Nathalie Lambert

Medal record

Women's short track speed skating

Representing Canada

Olympic Games

World Championships

= Nathalie Lambert =

Short track speed skater

Nathalie Brigitte Lambert, OC (born December 1, 1963, in Montreal, Quebec) is a Canadian Olympic medalist in short-track speed skating. She won one Gold medal and two Silver medals at the Winter Olympics, and was Canada's flag bearer at the 1992 Albertville Olympics closing ceremony.

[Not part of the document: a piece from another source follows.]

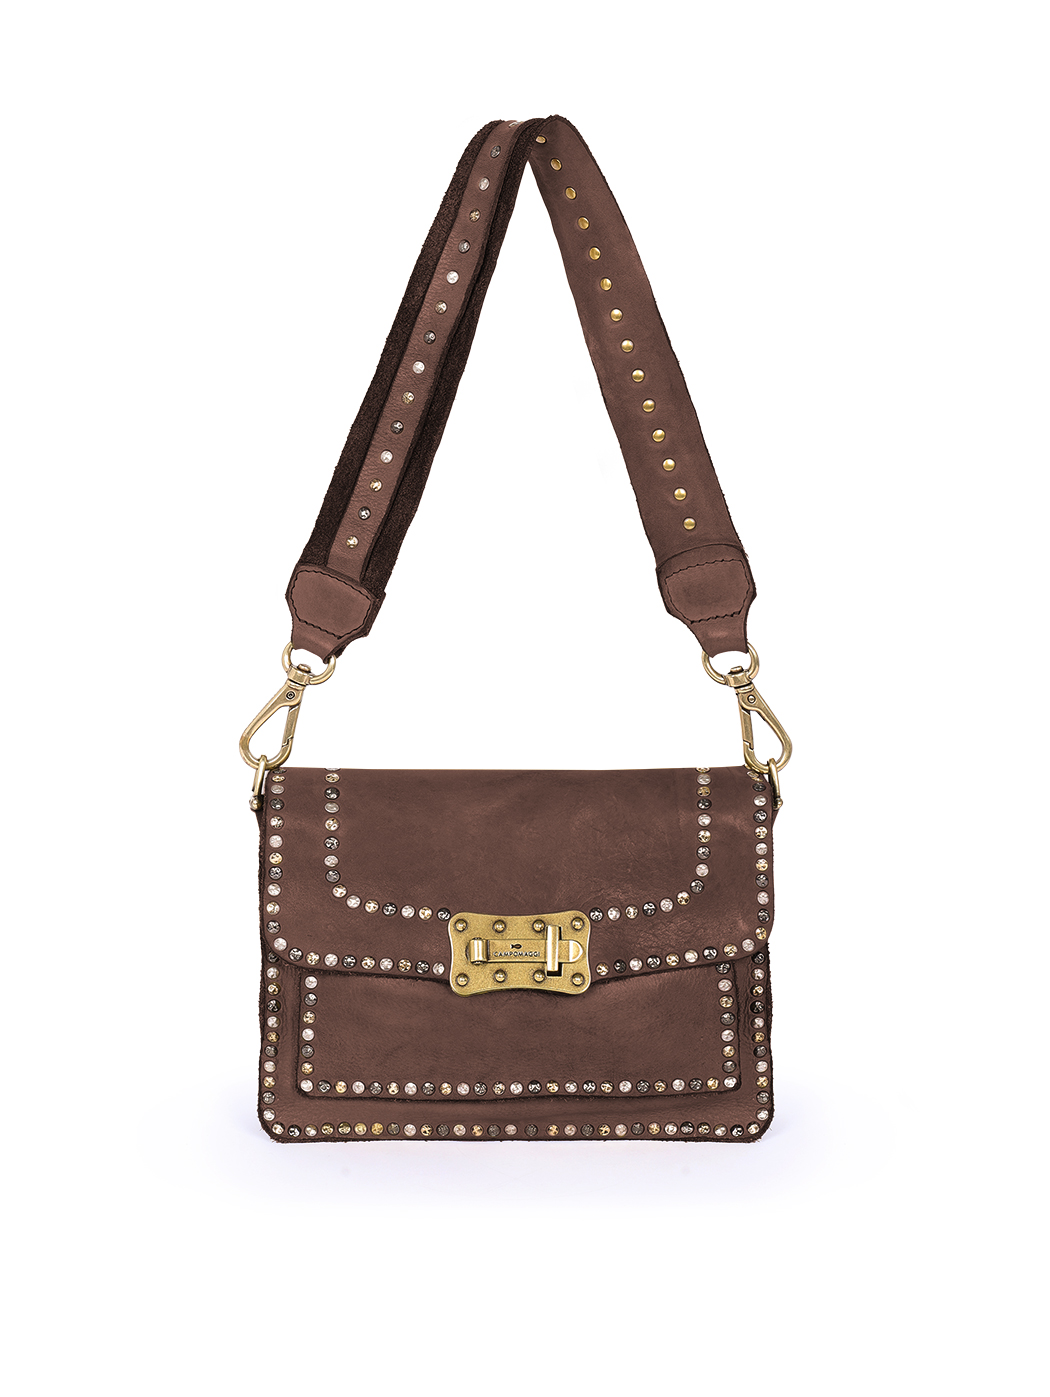 Мини - сумочка со съемным плечевым ремнем темно - коричневого цвета

She is also a three-time Overall World Champion for 1991, 1993 and 1994.

Lambert won the 11 international competitions in which she participated, between 1992 and 1994. She won the all-around world championship three times: in 1991, 1993 and 1994. In 1991 she dethroned her legendary teammate, the 5 time overall World Champion Sylvie Daigle, whom she had been chasing for years, and often finished 2nd to.

Despite it not typically being her best event she was one of the gold medal favorites for the 500 metre gold at the 1992 Olympics and then became the favorite after fellow leading contenders- her teammate Sylvie Daigle and Zhang Yanmei of China both were eliminated in the heats. Unfortunately she had a fall in the semis when she got caught up with Yan Li of China, and as a result did not make the final. She rebounded from the disappointment to lead the Canadian team to gold in the relay. In 1994 she went in as the favorite in both the 500 and 1000 metres but again fell in the semis of the 500, and was just nipped for the 1000 metre gold in the last lap by Chun Lee Kyung of Korea (the winner of the next 3 world overall titles, and a 4 time Olympic Gold medalist), settling for silver. She added another silver in the relay, after the Chinese team which finished 2nd was disqualified.

After retiring, she made a comeback to the sport in 1997, and performed respectably at the 1997 World Short Track Championships. She seemed to be on pace for a place on the 1998 Canadian Olympic team, but an injury took her out of the running.

Despite her surprising failure to win an individual Olympic gold medal, Natalie is regarded by many as one of the best short track speed skaters in history. She was most well known for her burst of speeds and power, as well as her technical brilliance, and her longevity as a top competitor reached rare heights in the sport.

On June 30, 2016, Lambert was made an Officer of the Order of Canada by Governor General David Johnston. Her citation read: "For her achievements in Olympic Sport and for her tremendous contributions to athletics in Canada as a renowned mentor and spokesperson."

==Records==
- 1985 - World championship, Amsterdam (Netherland) - 1000 m : 1m43s.58
- 1987 - World championship, Montréal (Quebec) - 3000 m : 5m31s.65
- 1993 - International Competition, Hamar (Norway) - 1000 m : 1m34s.07
- 1993 - World championship, Beijing (China) - relay 3000 m : 4m26s.56

==Awards==
- 1992 - Inducted into the Canadian Olympic Committee Hall of Fame
- 1994 - Named Athlete of the Year by the 'Mérite Sportif Québécois'
- From 1985 to 1987 and 1990 to 1994. Named Athlete of the Year by the Canadian Speed Skating Association
- 2001 - Inducted into Quebec's Sports Hall of Fame
- 2002 - Inducted into Canada's Sports Hall of Fame

==Personal life==
Lambert is currently married to Daniel Gaudette, a physical education teacher, and adopted two daughters from China.